Commissioner of Internal Revenue vs. ESSO Standard Eastern Inc. and The Court of Tax Appeals
G.R. Nos. 28502-03
April 18, 1989
Facts:
ESSO, herein respondent overpaid income tax sometime in 1959, it was accordingly granted by the
Commissioner in 1964. However in 1960, he was found to have been short of payment. In 1964 he was
ordered to pay the sum of short payment. He paid the sum under protest saying that the sum of his
excessive tax paid on 1959 should be subtracted from his payment for 1960. ESSO then asked for refund
but was denied by the Commissioner. On appeal to the Court of Tax Appeals, the court ordered payment to
ESSO its refund claim.
Issue:
Whether or not the Commission Internal Revenue should refund the excess payment made by ESSO
Standard Eastern Inc,
Held:
The Court upheld that the respondent must be granted its claim.
The Commissioner having been in fact acknowledging the mistake in which the respondent paid excess
tax had the obligation to return the same to ESSO. The contention of the petitioner that the
acknowledgment was made 4 years after the payment negates actuality. The court held that, obligation to
return money mistakenly paid arises from the moment that payment is made and not from the time that the
payee admits the obligation to reimburse.
From the foregoing respondent should not be legally or logically considered a debtor of the
government and whatever obligation ESSO may incur should be reduced to the sum which the government
holds as obligation to ESSO.
Nothing is better settled than that courts are not to give words a meaning which would lead to absurd
or unreasonable consequences.
Cesario Ursua vs.

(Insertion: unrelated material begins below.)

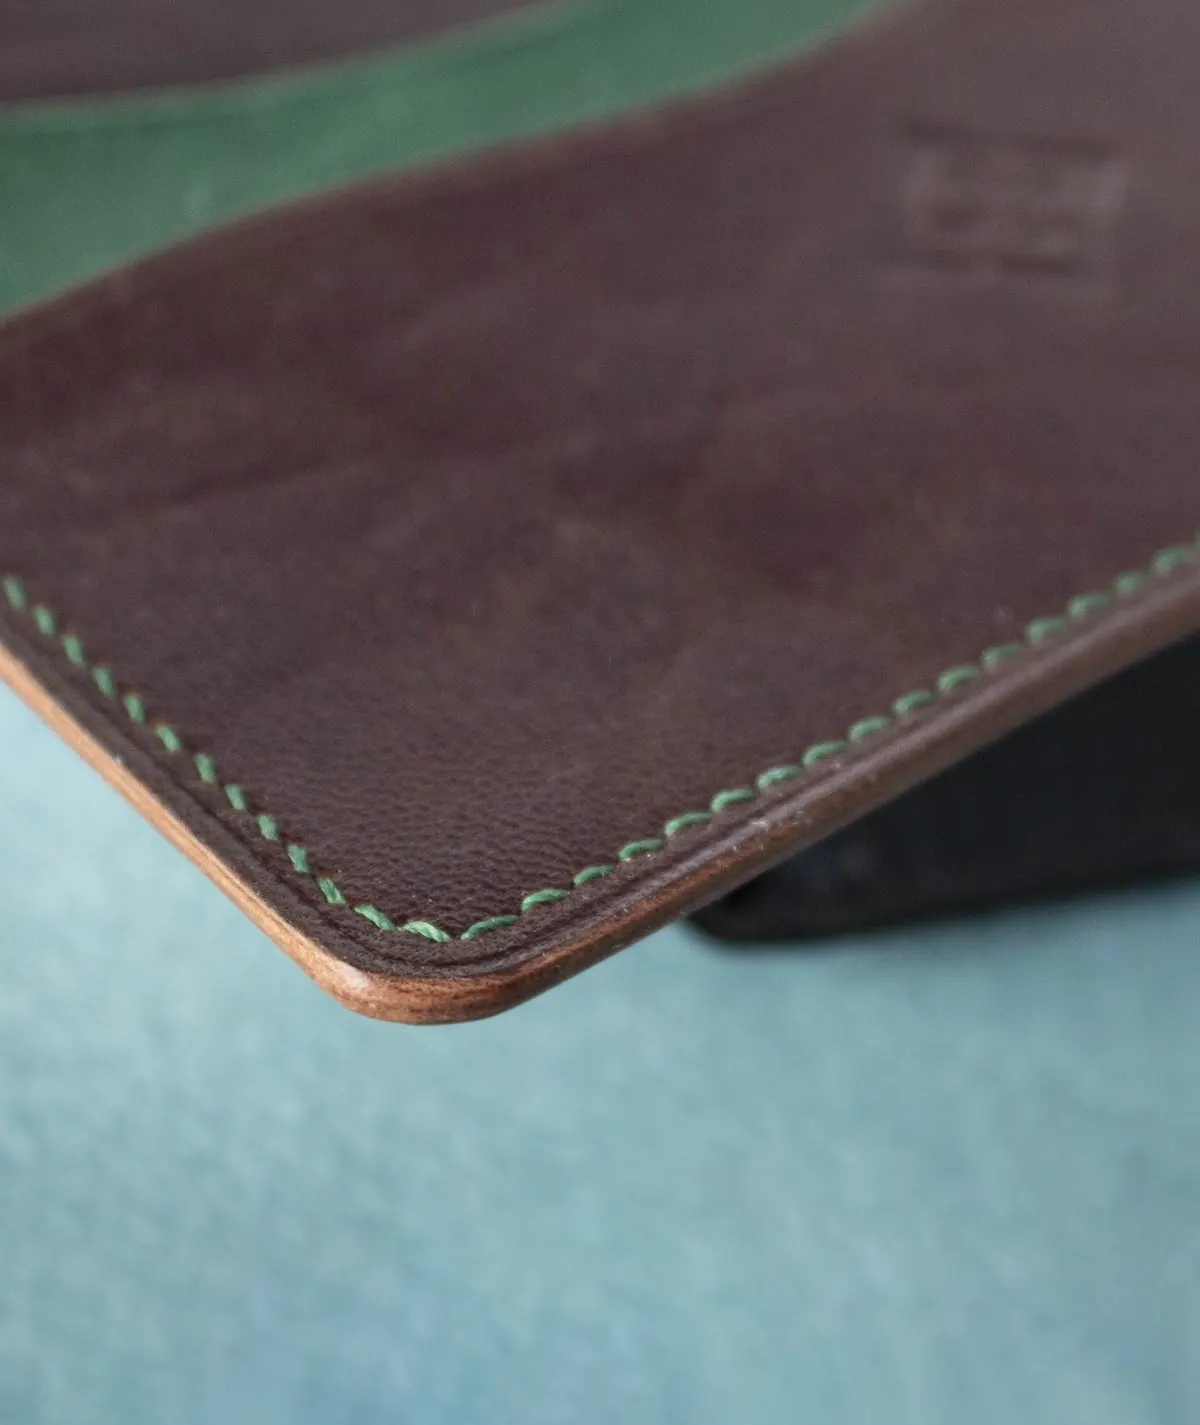 possala designs edge detail on handmade wallet

Court of Appeals
G.R. No. 112170
April 10, 1996
Facts:
Atty. Palmones, lawyer for the petitioner wrote a letter the Office of the Ombudsman to be able to be
furnished with a copy of complaint against petitioner. He asked the petitioner to bring this letter to the
Ombudsman because said lawyers messenger is running some other errands. Petitioner comply, however
he asked said messenger what to to do as he was afraid to go to that office because he is one of the
respondents in the case. The messenger told him that he could just sign his name, Oscar Perez, to avoid
being recognized. And so the petitioner did as told. He obtain the requested complaint from Ms. Loida
Kahulugan. But before leaving the premises he was greeted by an acquaintance. However, this
acquaintance was also known to Loida which enable her to find that the one he gave the complaint was not
Oscar Perez himself.
Petitioner was accordingly charged and was found guilty by the trial court in violation of Sec 1 of CA
No. 142 as amended by RA 6085.. He appealed to the Court of Appeals but it affirmed the decision of the
lower court. Hence this petition.

Issue:
Whether or not the use of a different name belonging to another in isolated transaction falls within the
prohibition of Court of Appeals No. 142.
Held:
The objective of the provision mentioned is to curb the common practice among Chinese of adopting
scores of different names and aliases which created tremendous confusion in the field of trade. An alias is
name or names used by a person or intended to be used by him publicly and habitually usually in business
transaction in addition to his real name registered at birth. Hence the use of fictitious name or a different
name by another person in a single instance without any sign or indication that the user intends to be known
by this name is addition to his name does not fall within the prohibition contained in the said provision.
In addition to that a rule in statutory construction is there is a valid presumption that undesirable
consequences were never intended by a legislative measure. The case being an undesirable consequence
and interpretation of the law must be reversed.